• [INSTRUCTIONS TO FOLLOW]
A verbatim transcription of the listing below is required, without its pictures.

• [GIVEN MATERIAL]

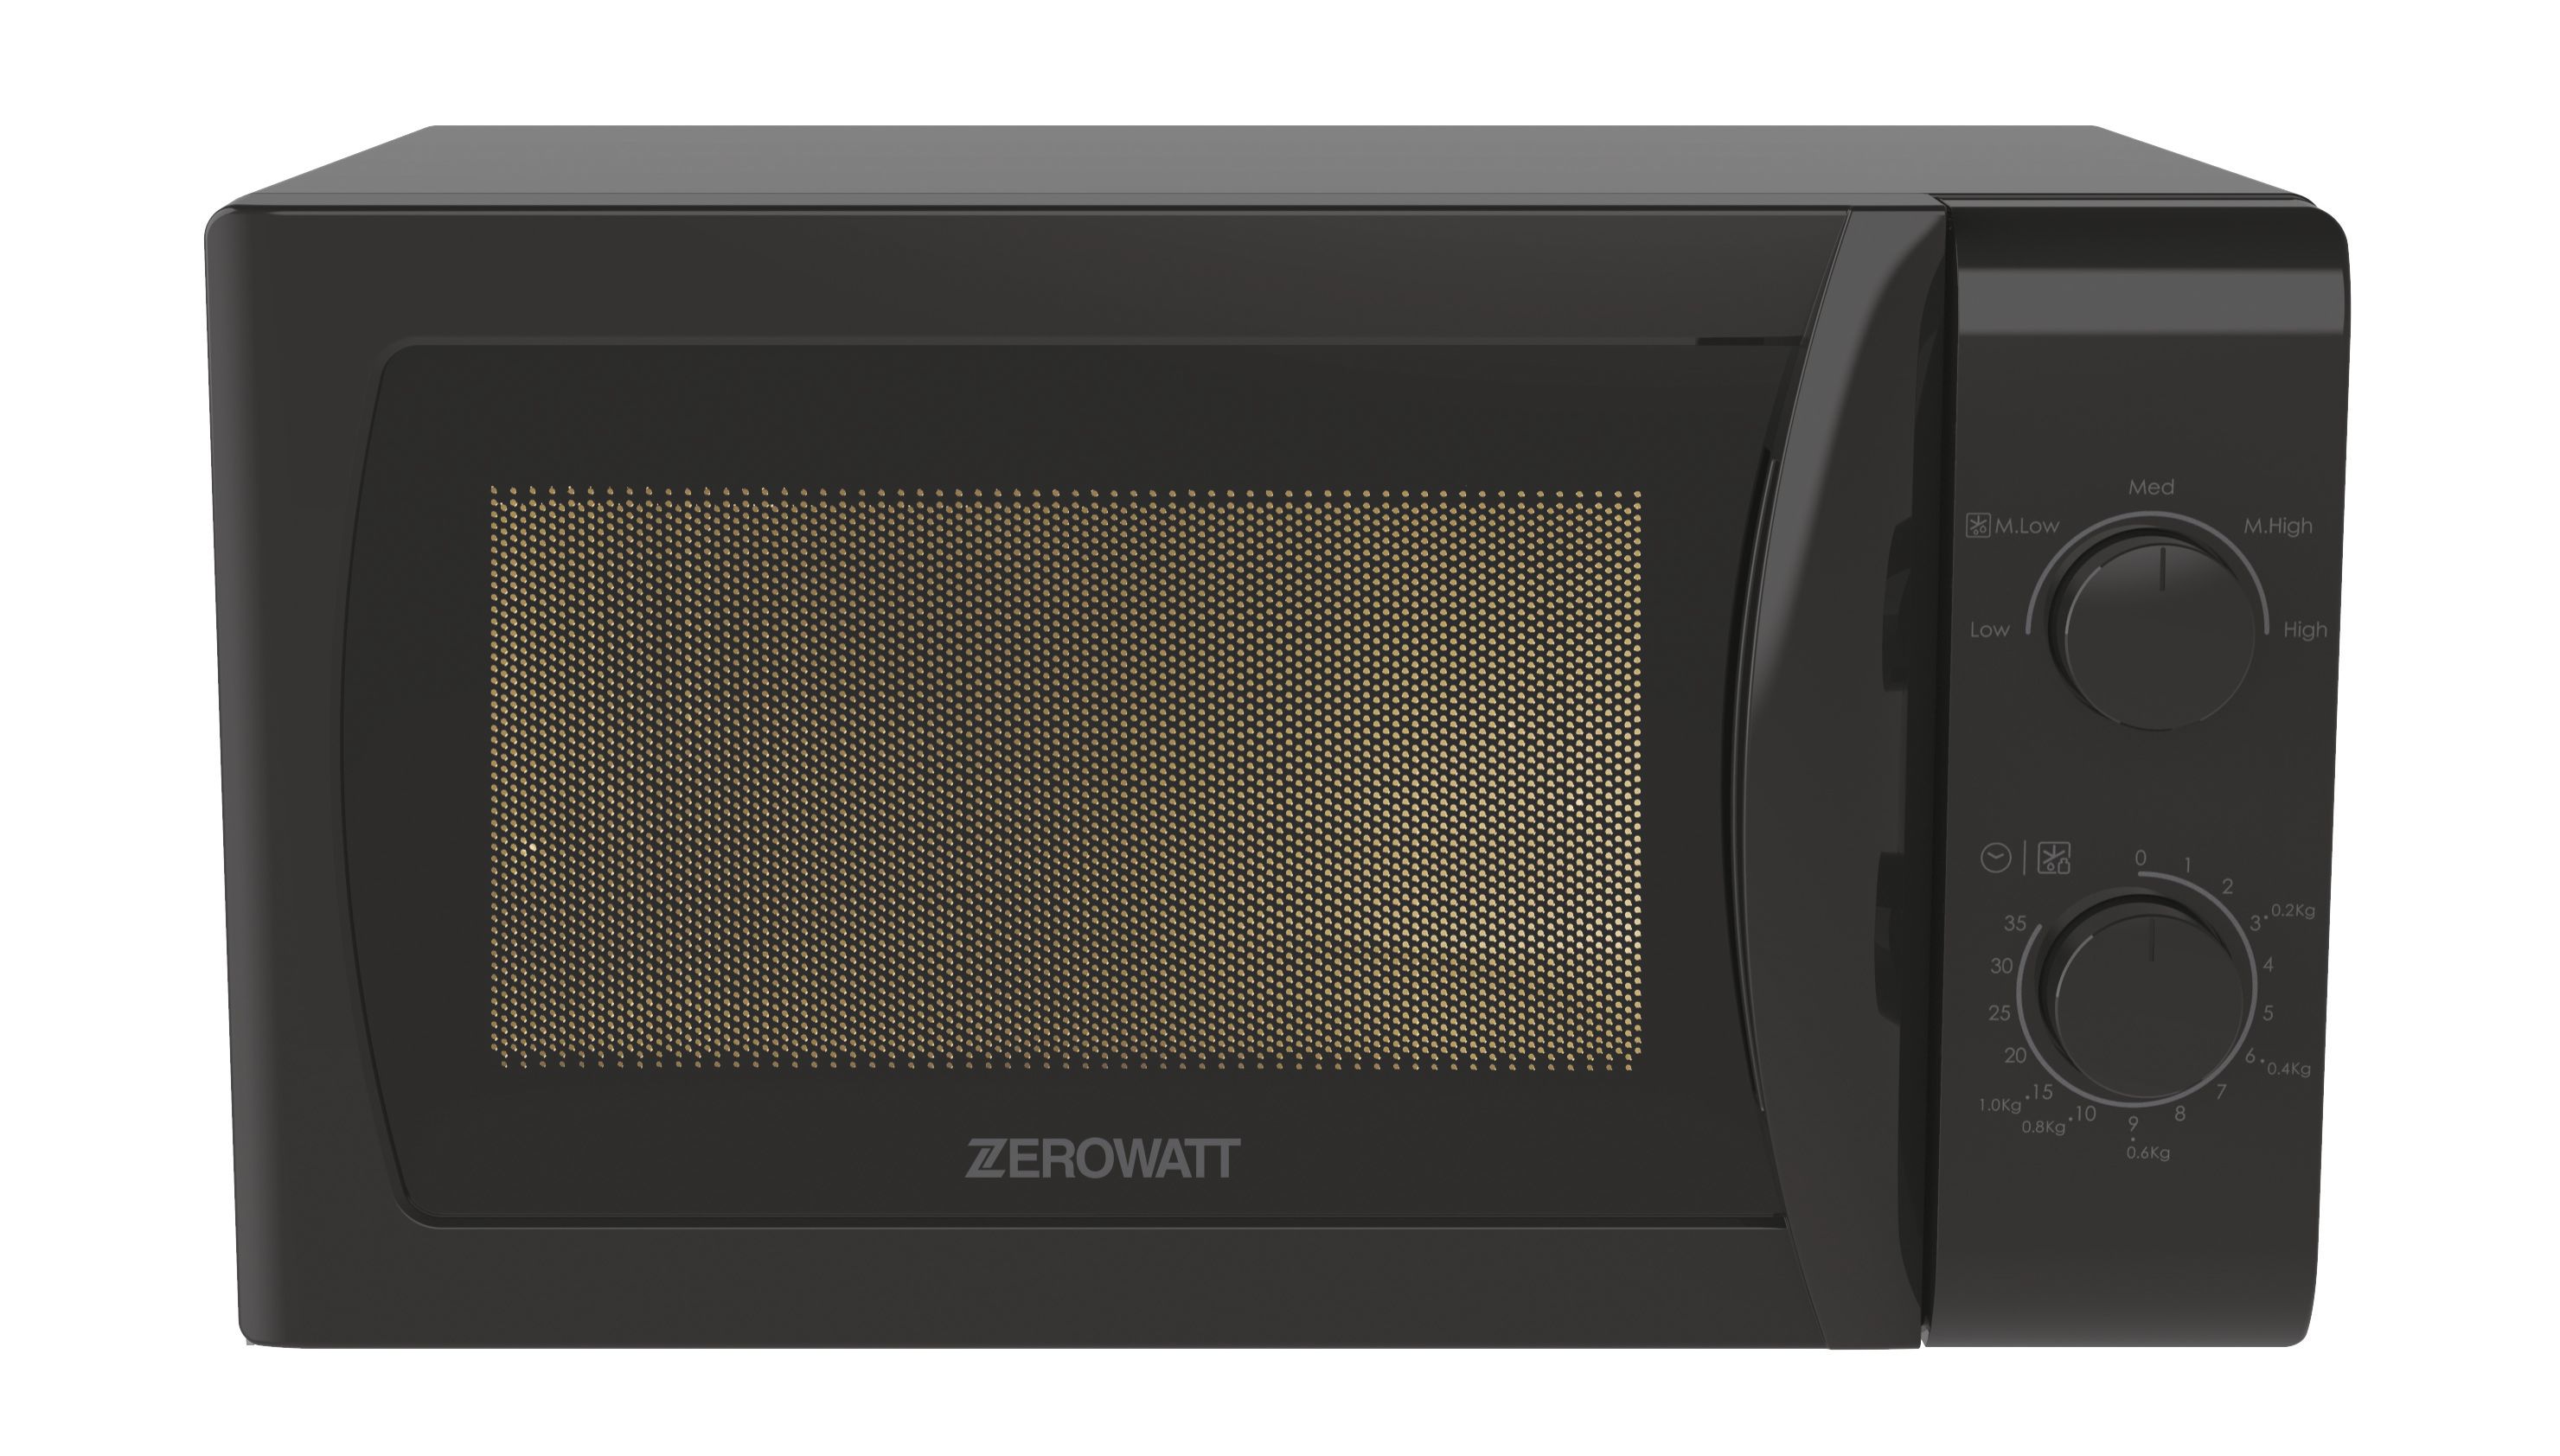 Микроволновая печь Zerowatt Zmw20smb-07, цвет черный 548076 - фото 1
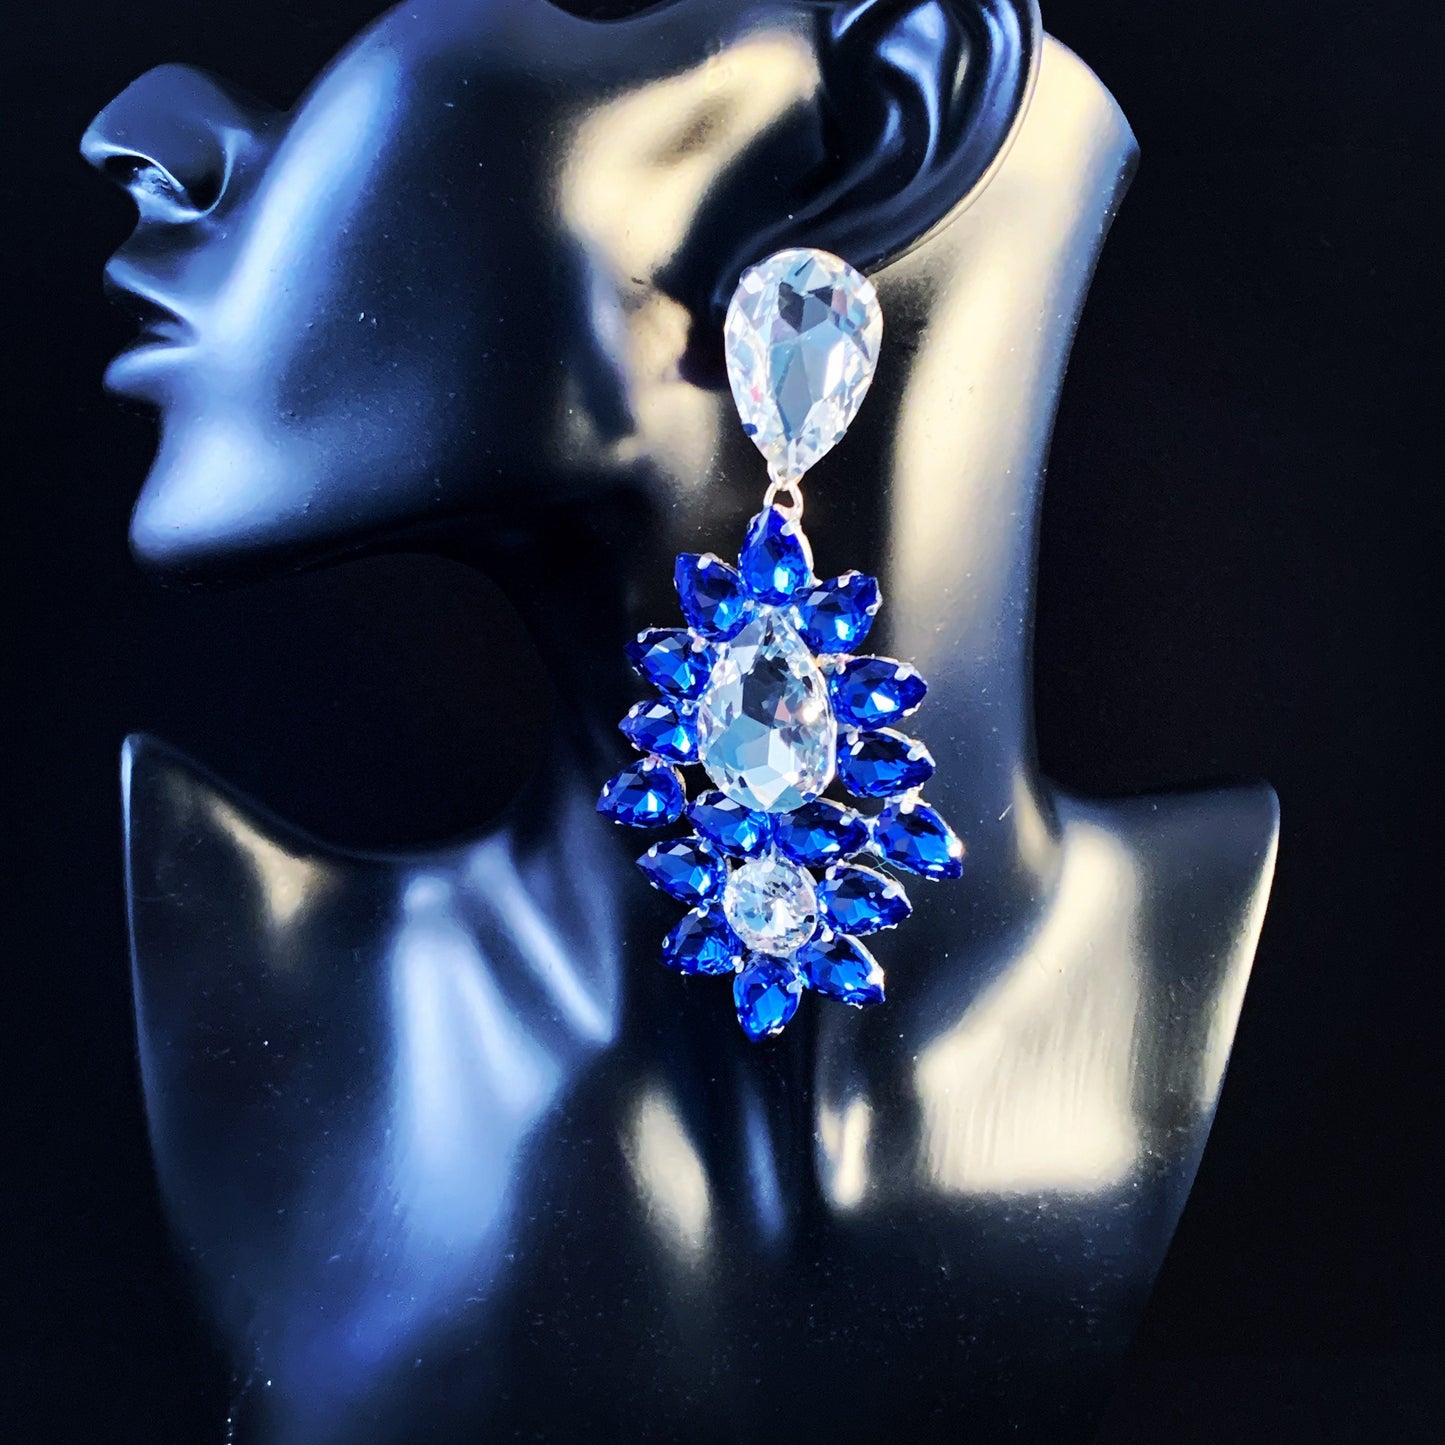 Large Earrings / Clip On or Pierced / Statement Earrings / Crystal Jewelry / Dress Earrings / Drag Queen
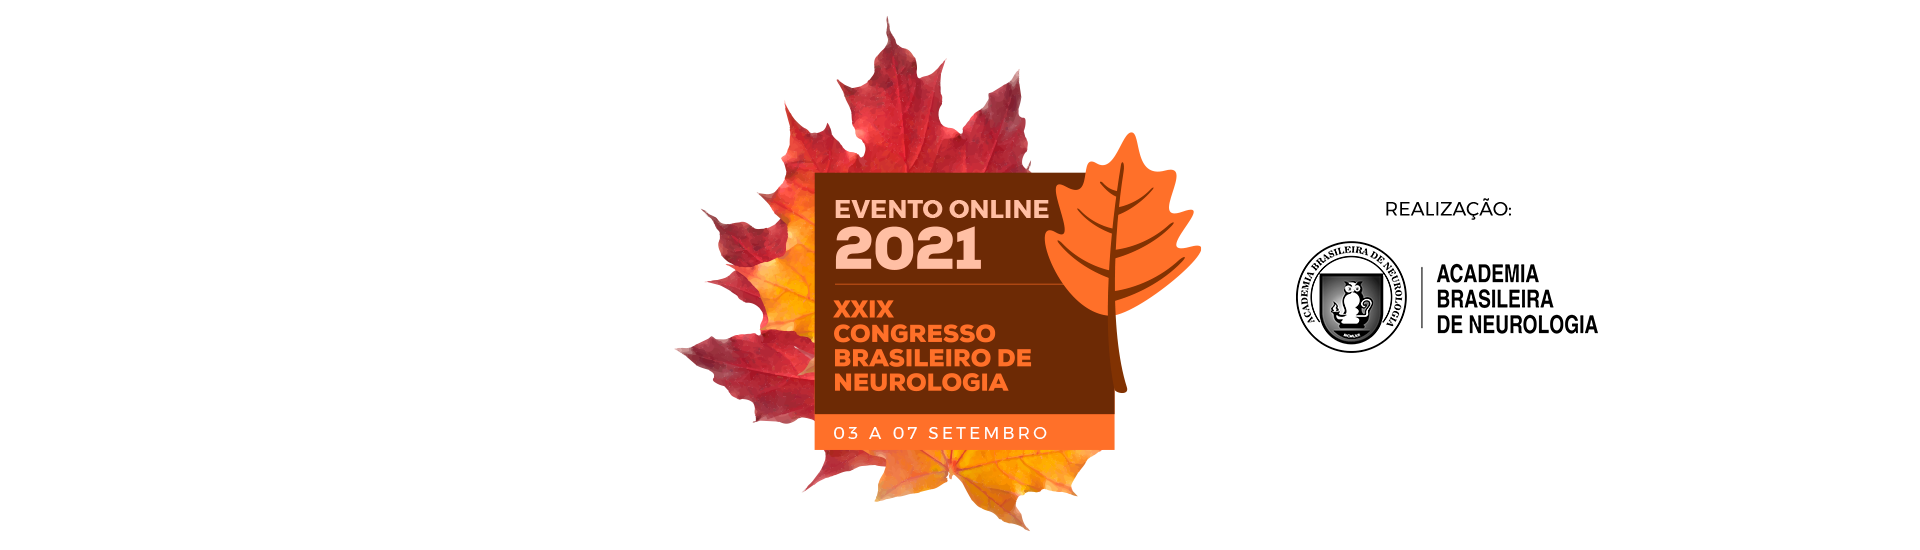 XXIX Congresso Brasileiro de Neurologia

• [RESPONSE AREA]
 Микроволновая печь Zerowatt Zmw20smb-07, цвет черный 548076 - фото 1
 Large Earrings / Clip On or Pierced / Statement Earrings / Crystal Jewelry / Dress Earrings / Drag Queen
 XXIX Congresso Brasileiro de Neurologia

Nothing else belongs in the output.